Sempat Lampaui Target Nasional, Kini Prevalensi Stunting Sawahlunto Naik dan Masuk Zona Merah
Inilah kondisi Prevalensi Stunting Sawahlunto Naik dan Masuk Zona Merah
JURNAL SUMBAR | Sawahlunto – Parah, terhitung pada 2024, data dari Badan Pusat Statistik (BPS) Prevalensi Stunting Kota Sawahlunto, Sumatera Barat, mengalami kenaikan yang sangat signifikan dan Masuk Zona Merah dengan posisi nomor buncit (19) di Sumbar setelah Kota Bukittinggi.
Apa penyebabnya tak jelas, bahkan angka kemiskinan dan pengangguran juga meningkat.
Pada tahun 2022, Pemerintah Kota Sawahlunto, telah berhasil mencapai target penurunan angka gagal tumbuh atau stunting sebesar 13,7 persen. Angka tersebut jauh melampaui target prevalensi stunting nasional yang ditetapkan pemerintah pusat sebesar 14 persen.
Pada 2023, prevalensi stunting di Kota Sawahlunto justeru malah mengalami kenaikan hingga 19,5 persen atau naik mencapai 5,8 persen dari 13,7 persen. Parahnya lagi, pada tahun 2024, prevalensi stunting Kota Sawahlunto tembus di angka 20 persen dan mengalami kenaikan 0.5 persen sehingga menempatkan prevalensi stunting Sawahlunto di zona merah diposisi 19 di Sumbar.
“Padahal, sebelumnya prevalensi stunting Sawahlunto mengalami penurunan signifikan. Kok sekarang naik, dimana akar masalahnya,”ujar sejumlah tokoh masyarakat setempat kepada Jurnalsumbar.Com, Selasa (14/10/2025).
“Padahal kala itu prevalensi stunting Sawahlunto waktu masih di atas rata-rata Provinsi Sumbar yang masih di angka 25,2 persen, artinya Sawahlunto masih yang paling rendah dibandingkan dengan seluruh kabupaten/kota lain di Sumbar.
“Waktu itu, aksi penurunan stunting dilaksanakan melalui lima pelayanan, yaitu pelayanan Kesehatan Ibu dan Anak (KIA), pelayanan gizi, pelayanan PAUD, pelayanan air minum-sanitasi dan pelayanan sosial. Itu salah satu faktor yang mempercepat penurunan stunting di Sawahlunto kala utu. Termasuk adanya Tim Percepatan Penurunan Stunting (TPPS) Tingkat Kecamatan, kemudian juga ada Tim Pendamping Keluarga (TPK). Melalui dua tim tersebut ditambah sinergi dengan stakeholder (pemangku kepentingan) lainnya maka program penurunan stunting berjalan lancar dan semakin baik,” tambah sumber itu.

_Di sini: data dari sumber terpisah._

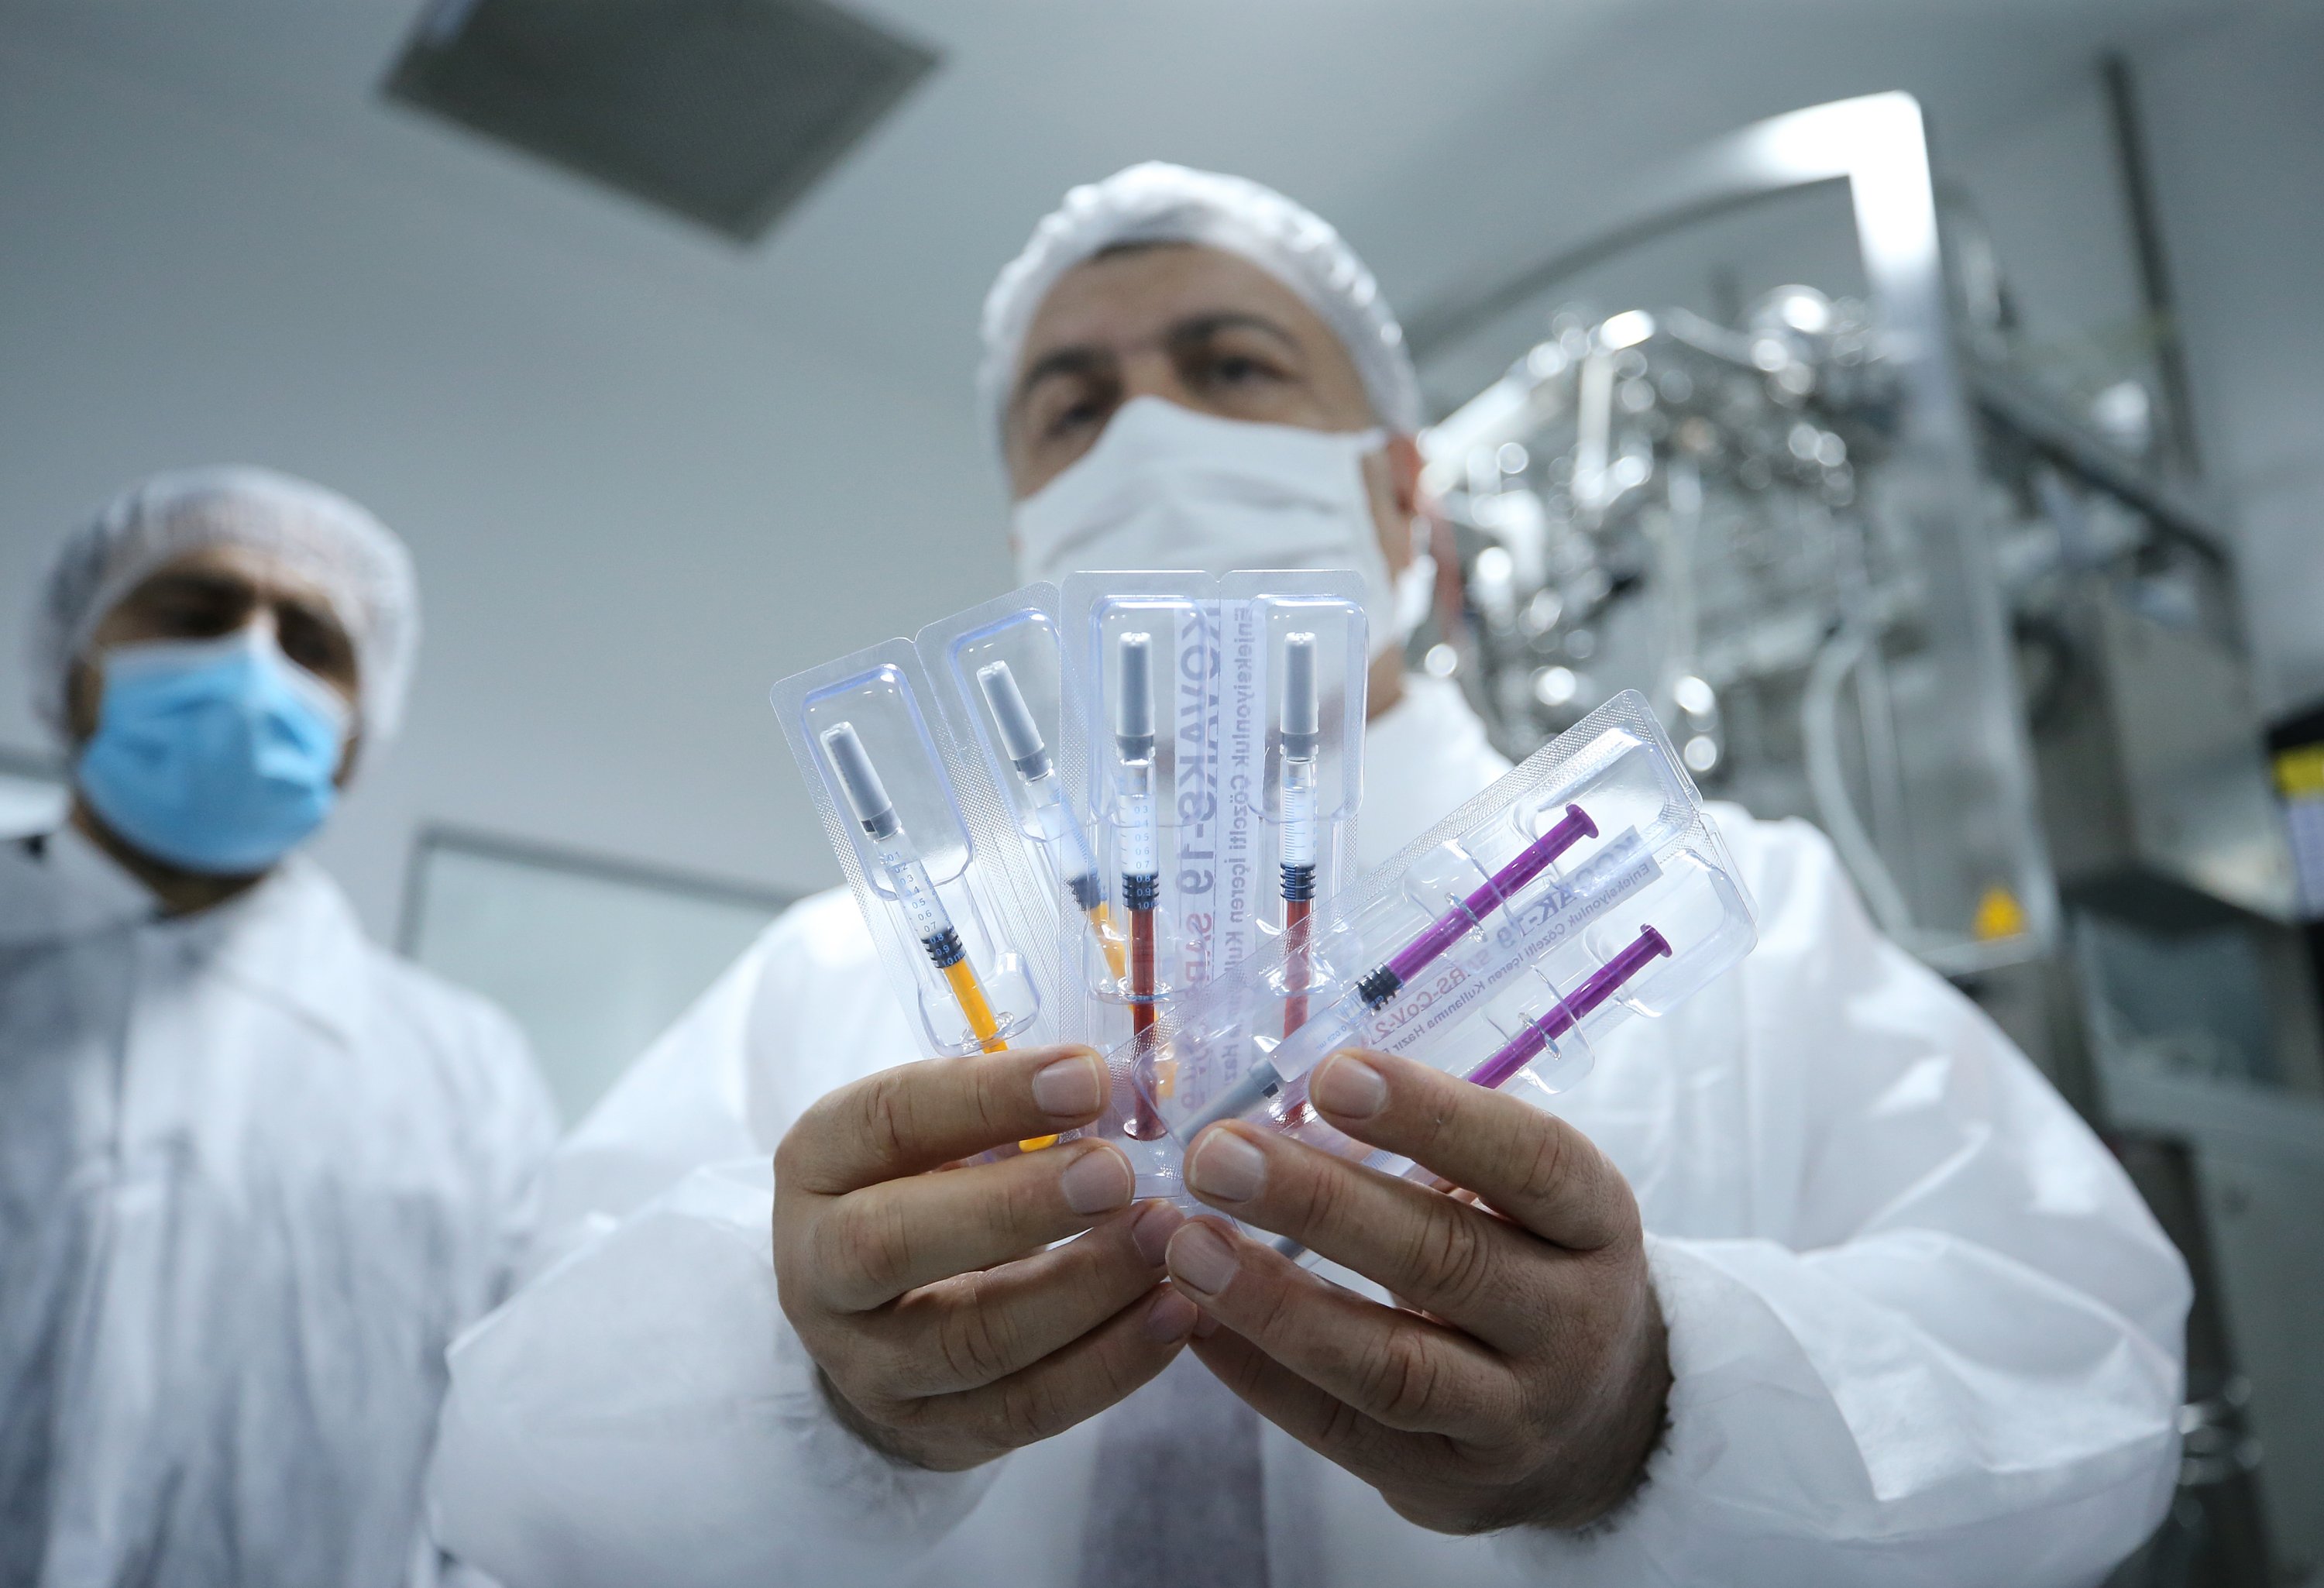 Human trials of Turkish-made COVID-19 vaccines to start in late October |  Daily Sabah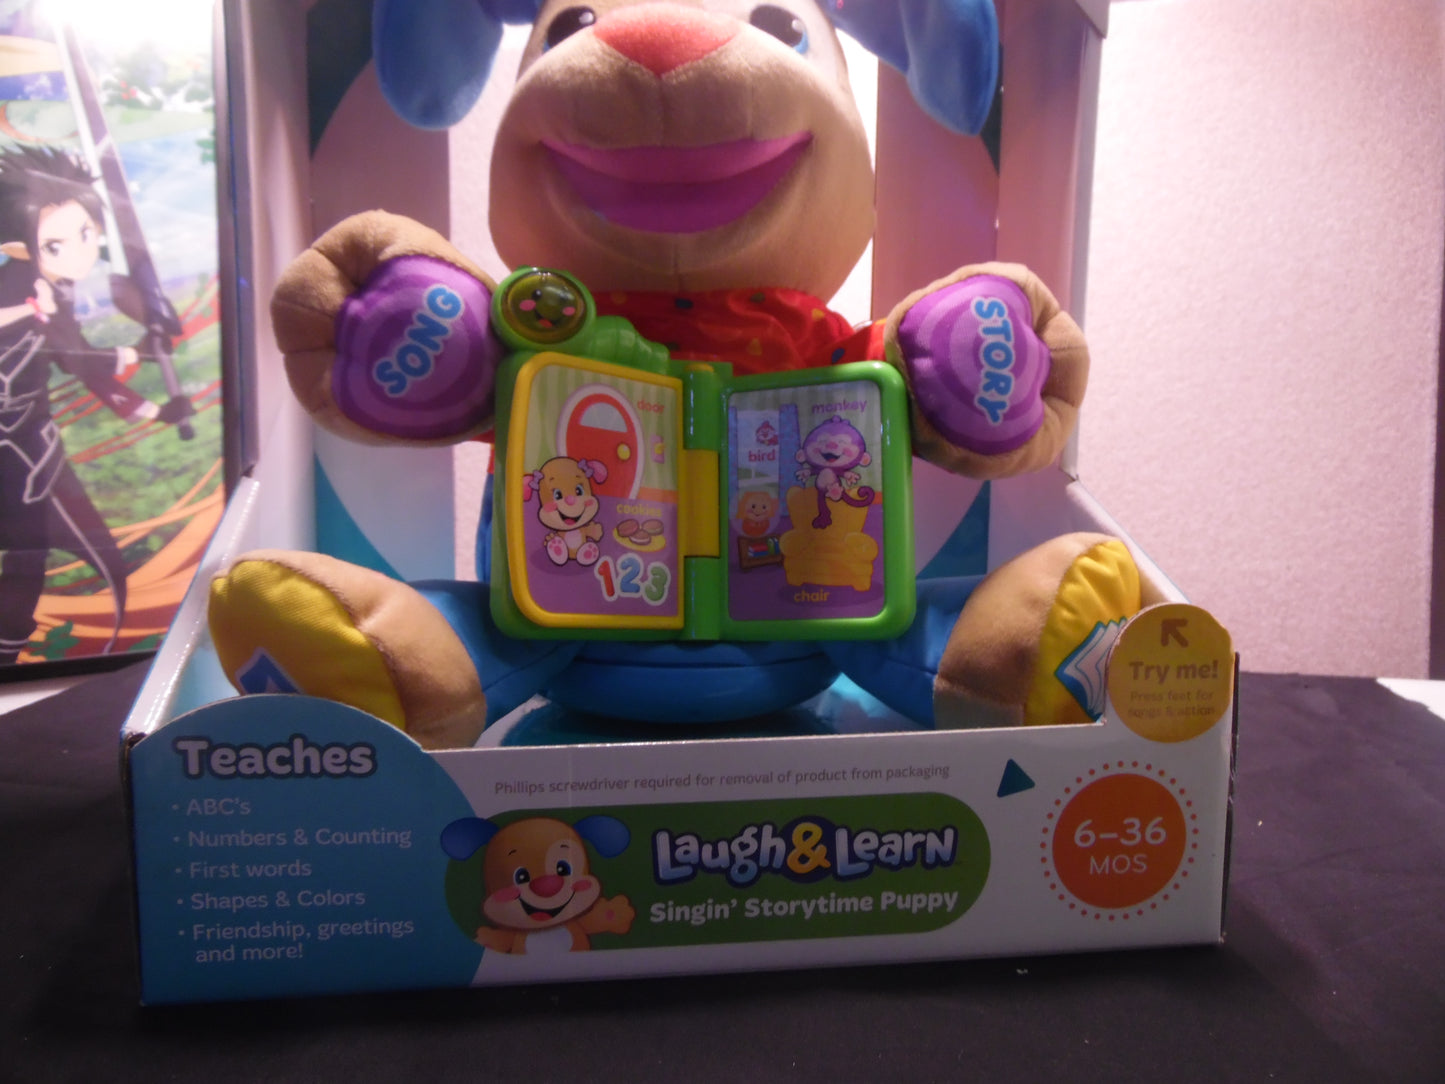 Storytime Puppy Fisher-Price Laugh & Learn Singin'

Sumber itupun menjelaskan, TPK tersebut terdiri dari unsur PKK, kader KB dan tenaga kesehatan.
“Mereka bertugas mendampingi keluarga berisiko stunting yaitu jika di dalam keluarga itu ada calon pengantin, pasangan usia subur, ibu hamil dan menyusui serta anak usia 0-59 bulan,” tambahnya.
Lantas kenapa di tahun 2023-2024 prevalensi stunting Kota Sawahlunto mengalami kenaikan? Entah lah hanya mereka yang tahu. Yang jelas Data BPS tahun 2024 prevalensi stunting di Kota Sawahlunto mengalami kenaikan dan menempatkan Sawahlunto di zona merah dengan nomor (19) buncit di Sumbar.
“Untuk mengatasi stunting, itu tentu bukan kerja Dinkesdalduk KB saja, ada peran dari seluruh OPD, juga berbagai lembaga/instansi serta pihak-pihak lain, karena persoalan stunting tidak bisa dikerjakan tanpa dukungan bersama. Kesediaan masyarakat untuk didampingi dan melaksanakan arahan-arahan tentang mencegah dan menangani stunting juga sangat menentukan suksesnya penurunan prevalensi stunting,” kata sumber itu kecewa.
Artinya, Sawahlunto telah gagal mempertahankan turunnya angka prevalensi stunting tersebut. Siapa yang salah.?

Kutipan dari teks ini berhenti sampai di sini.